Dataset excerpts:
┌────────
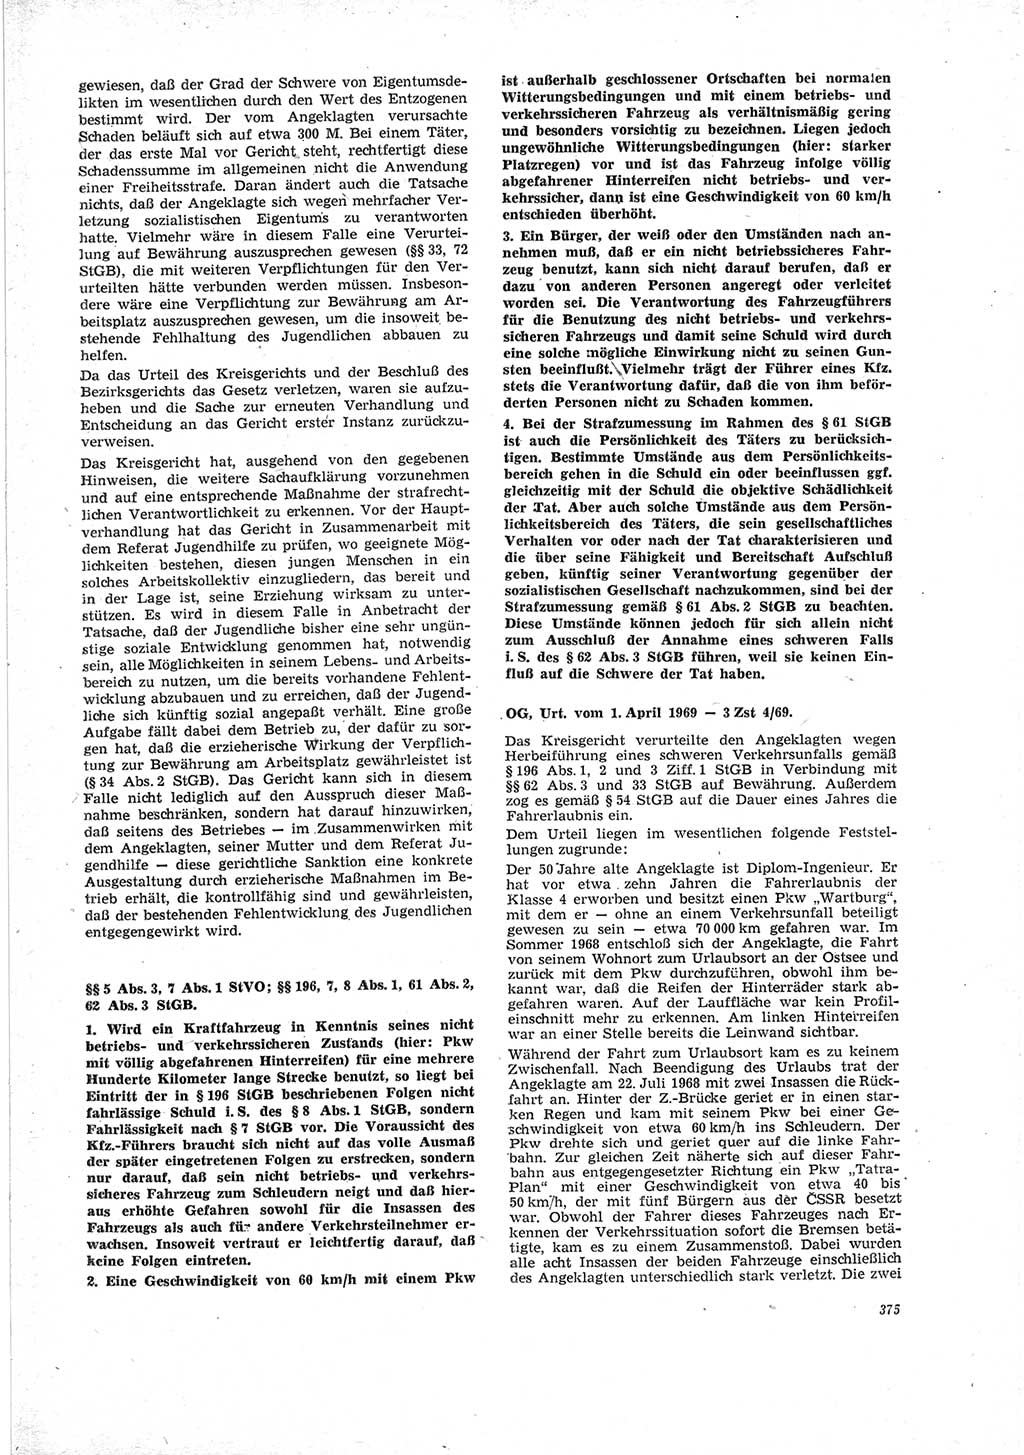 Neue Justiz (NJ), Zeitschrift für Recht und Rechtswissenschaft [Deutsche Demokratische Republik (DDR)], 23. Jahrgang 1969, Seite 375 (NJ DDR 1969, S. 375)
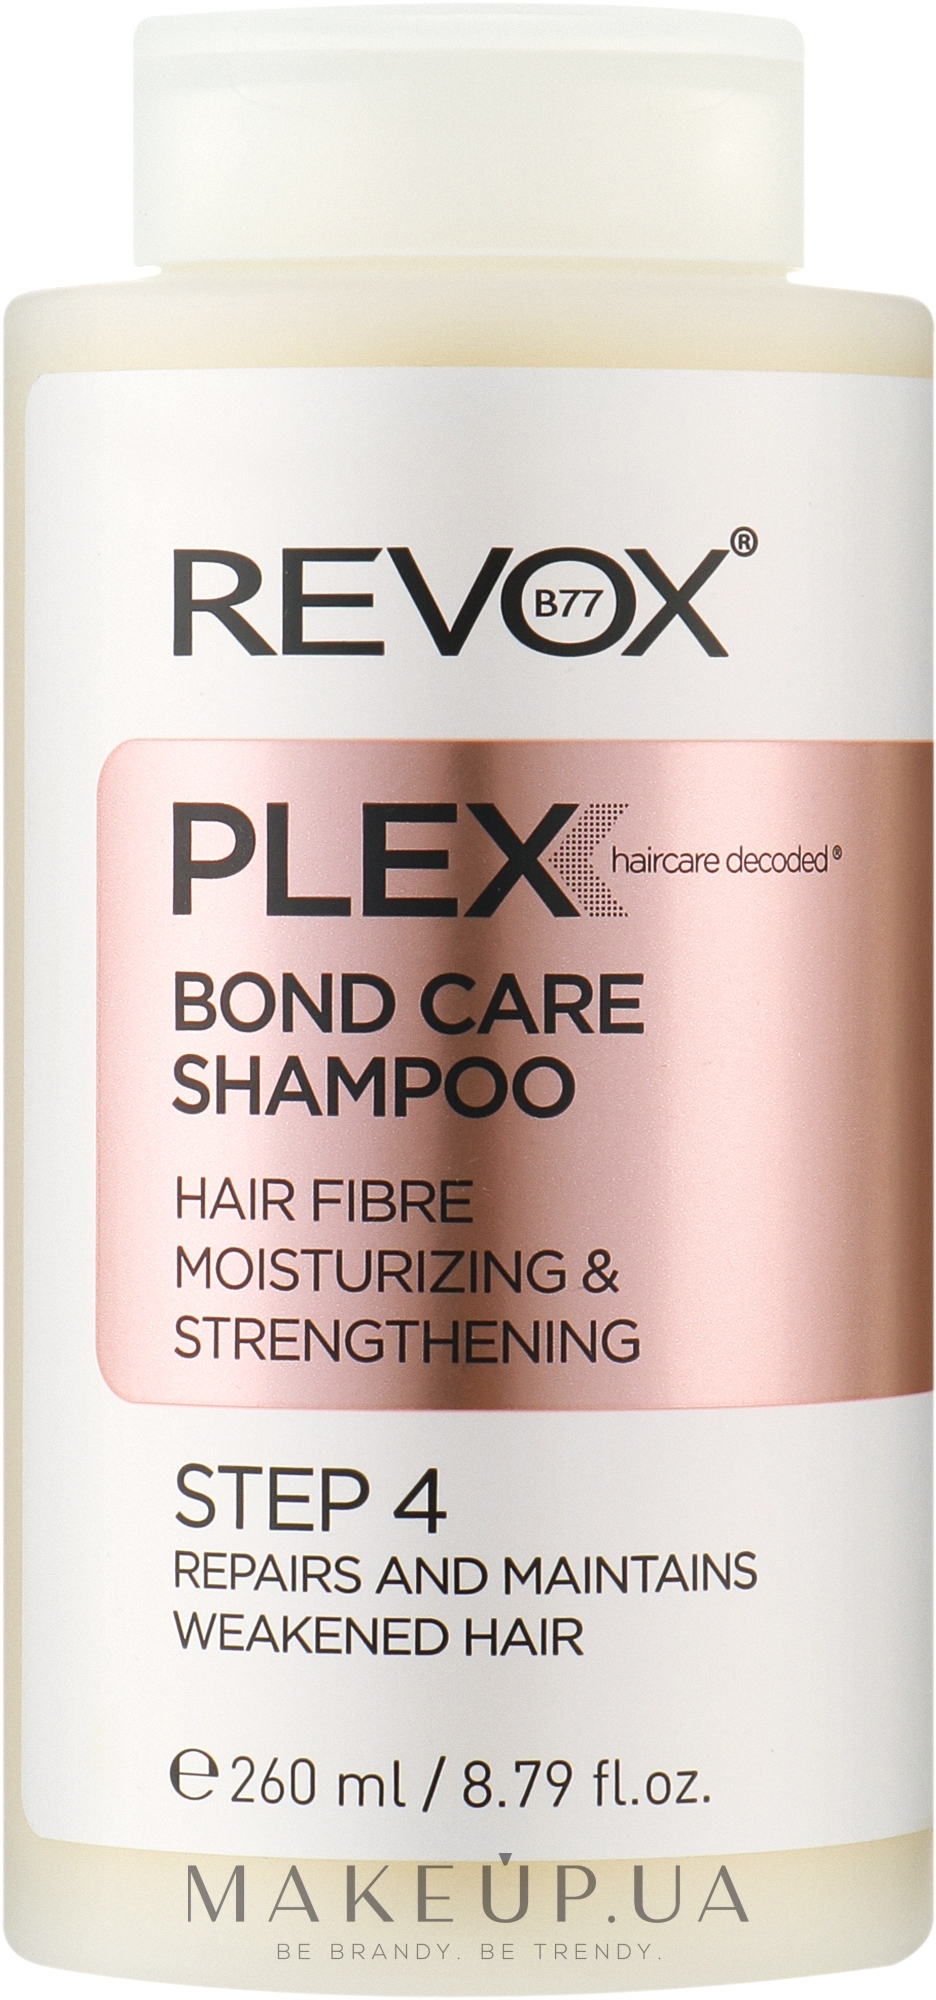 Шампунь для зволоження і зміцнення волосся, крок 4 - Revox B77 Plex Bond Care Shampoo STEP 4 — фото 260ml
└────────
┌────────
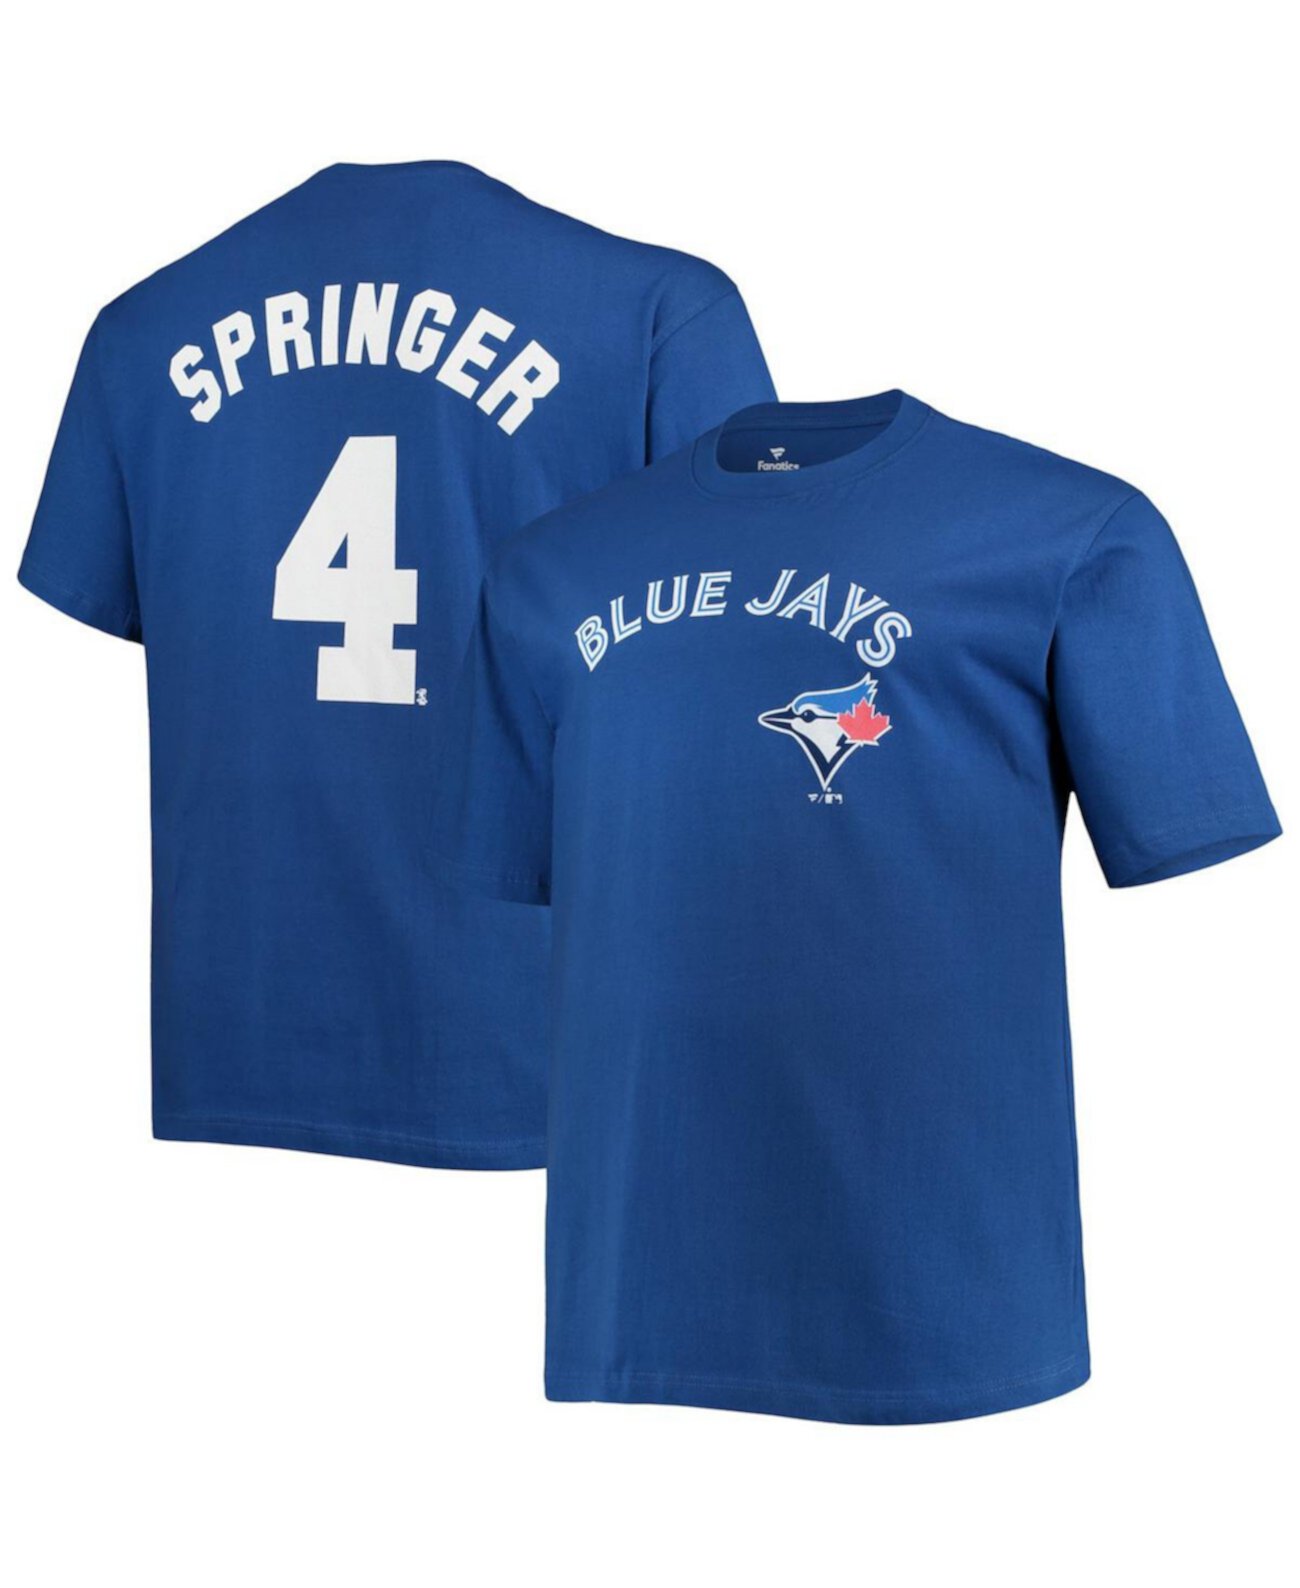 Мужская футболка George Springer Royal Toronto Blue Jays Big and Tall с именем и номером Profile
└────────
Exercise aim: Retype only the lines above from the one with "Neue Justiz (NJ), Zeitschrift" through the one with "Шампунь для зволоження", exactly and with both ends. Images stay out.

Completed exercise:
 Neue Justiz (NJ), Zeitschrift für Recht und Rechtswissenschaft [Deutsche Demokratische Republik (DDR)], 23. Jahrgang 1969, Seite 375 (NJ DDR 1969, S. 375)
 Шампунь для зволоження і зміцнення волосся, крок 4 - Revox B77 Plex Bond Care Shampoo STEP 4 — фото 260ml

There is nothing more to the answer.